Congenital Adrenal Hyperplasia
Congenital Adrenal Hyperplasia (CAH) is a rare inherited disorder (autosomal recessive) that is caused by a deficiency in enzymes that are needed to produce cortisol and/or aldosterone. There are several forms of CAH. The most common form, which affects ~90% of patients, is caused by a deficiency of 21-hydroxylase – an enzyme responsible for the production of adrenal steroids. The effects of 21-Hydroxylase deficiency can be mild (non-classical CAH) or severe (classical CAH). Classical CAH is typically diagnosed in infancy or early childhood. Non-classical CAH is more common and may be detected in childhood or adulthood.

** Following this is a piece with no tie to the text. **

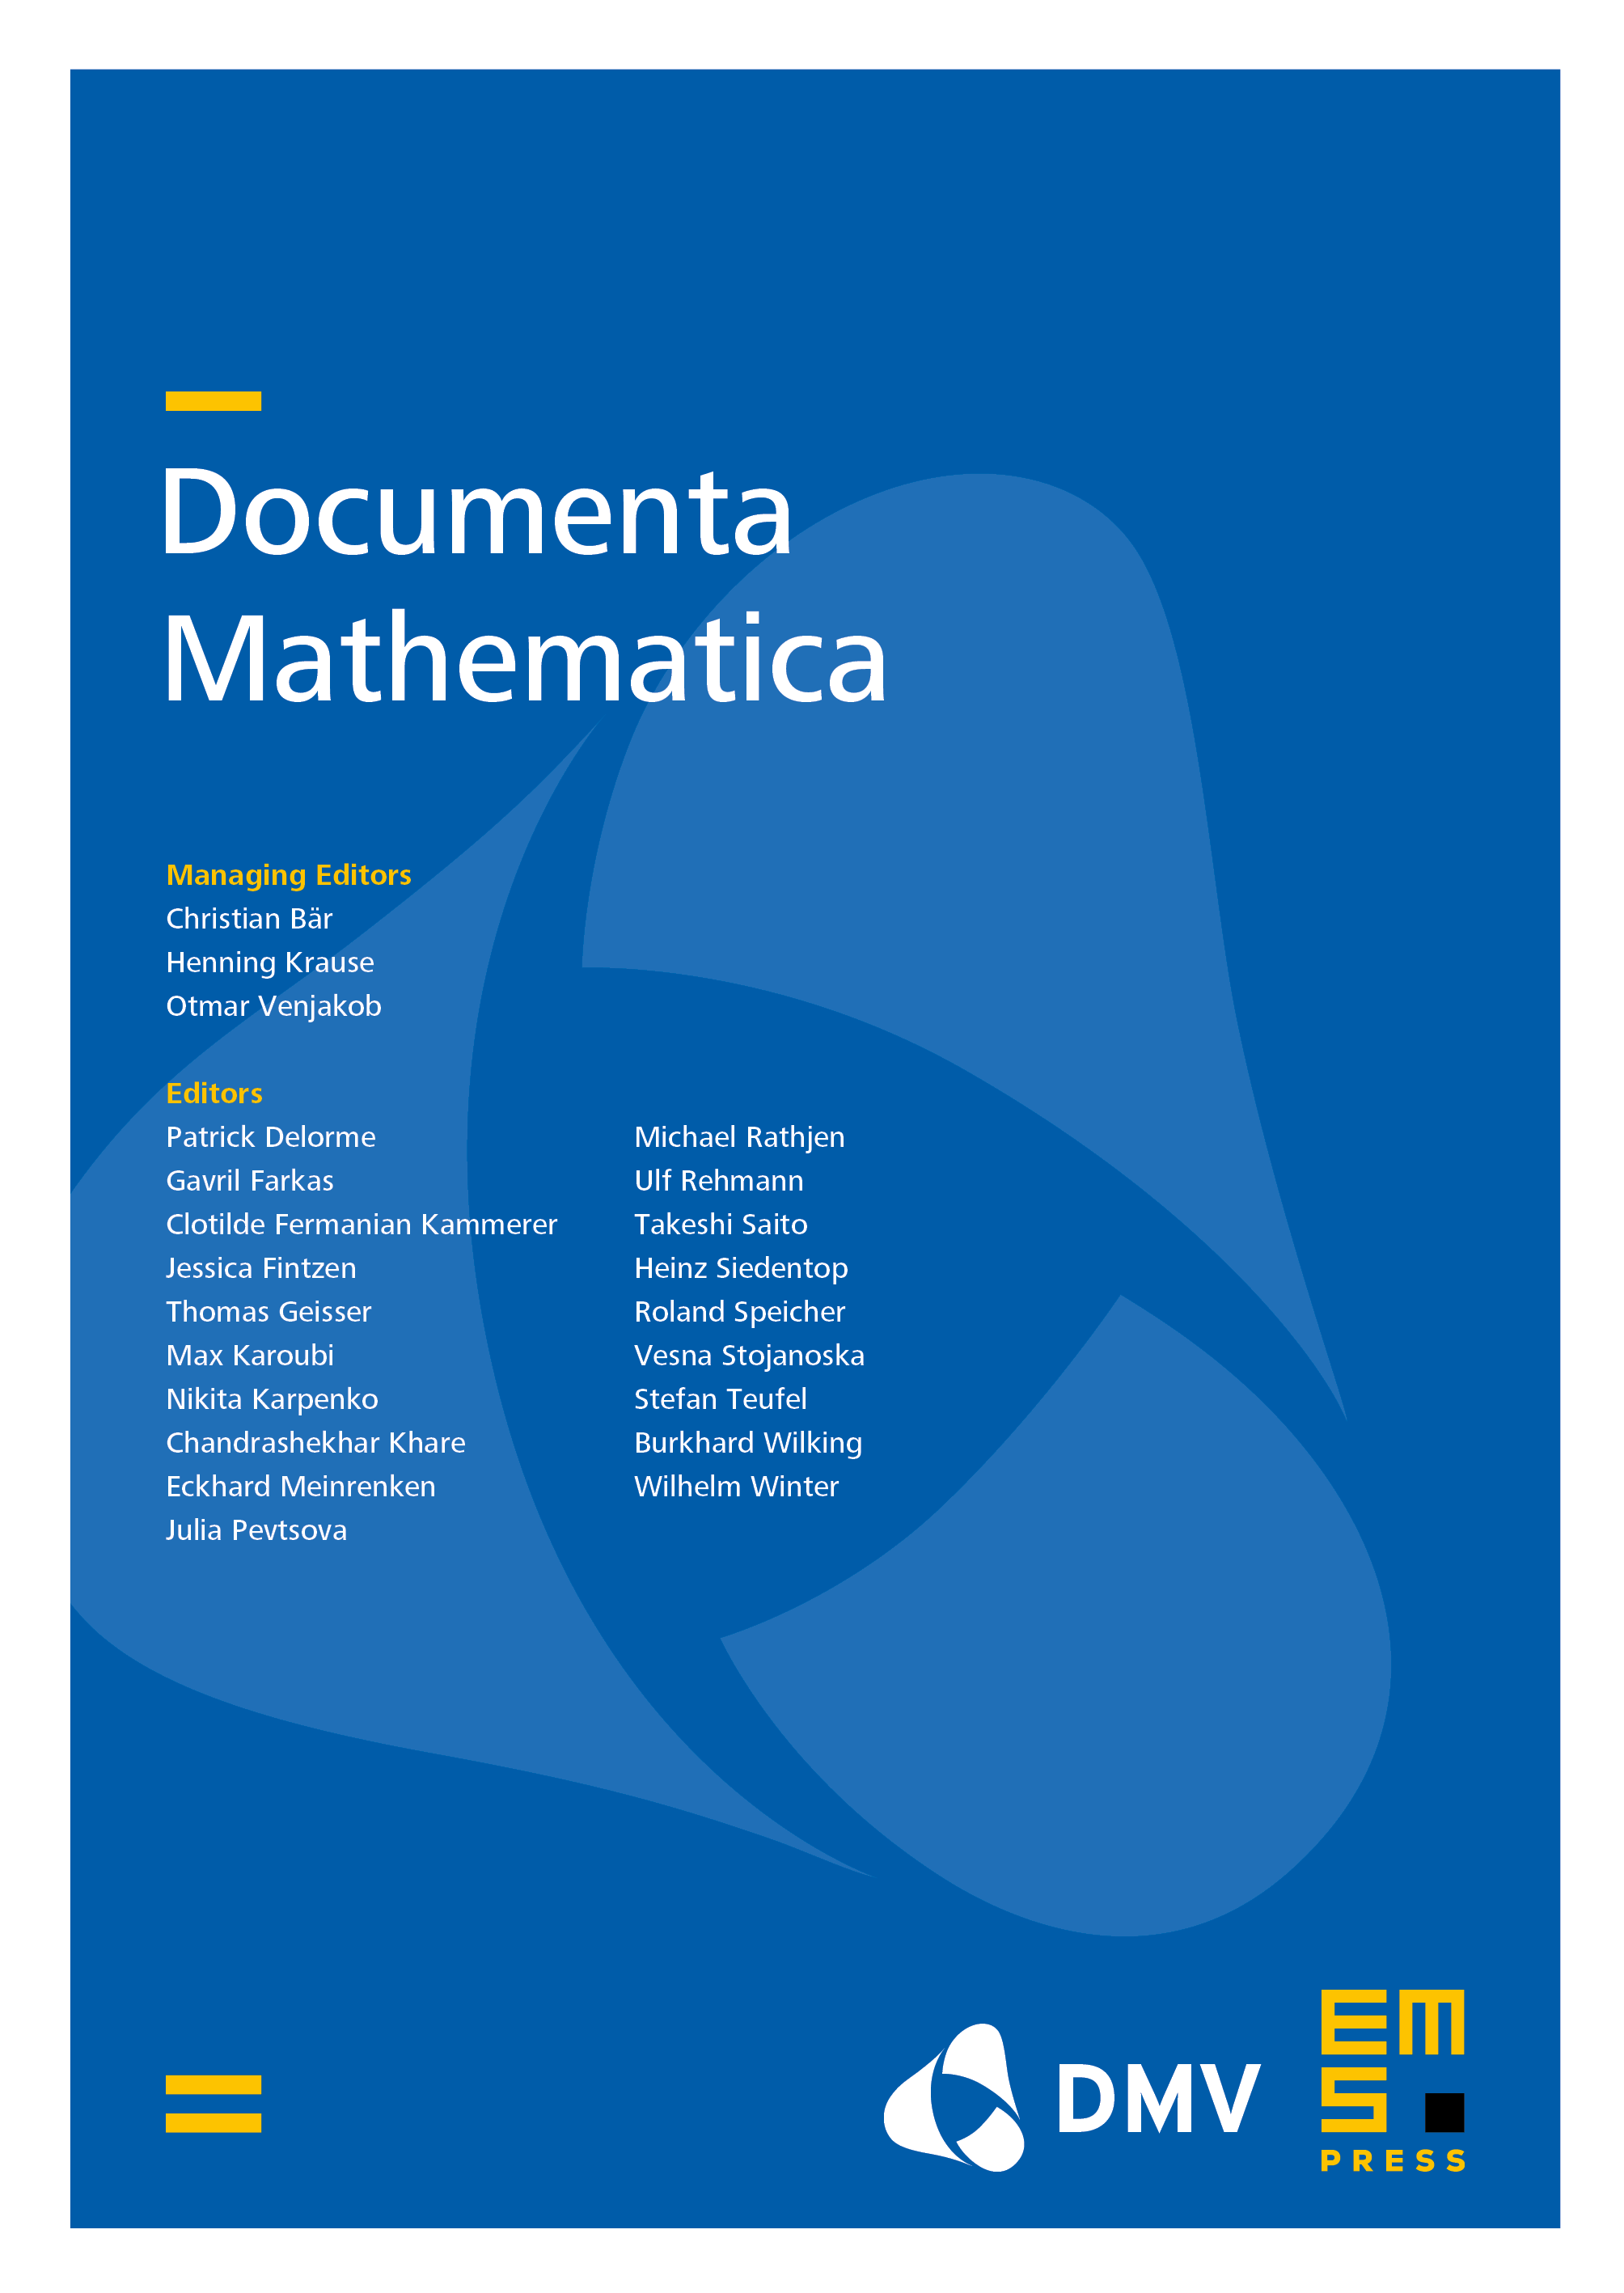 Doc. Math. cover

CAH occurs in both males and females, but the effects on a patient are quite different. In females with severe classical CAH, infants are often born with ambiguous genitalia, while males may show no outward signs of the condition. Adrenal crisis, a life-threatening condition that occurs when the body cannot produce cortisol in response to stress, is a risk in both males and females with classical CAH. For this reason, all newborns in the US and in many other countries are screened for classical CAH at birth.
Despite newborn screening, exact estimates of the number of patients affected by CAH in the US vary. It is estimated that the incidence of CAH is between 1:10,000 and 1:20,000 births, with some ethnic groups having slightly higher incidence rates.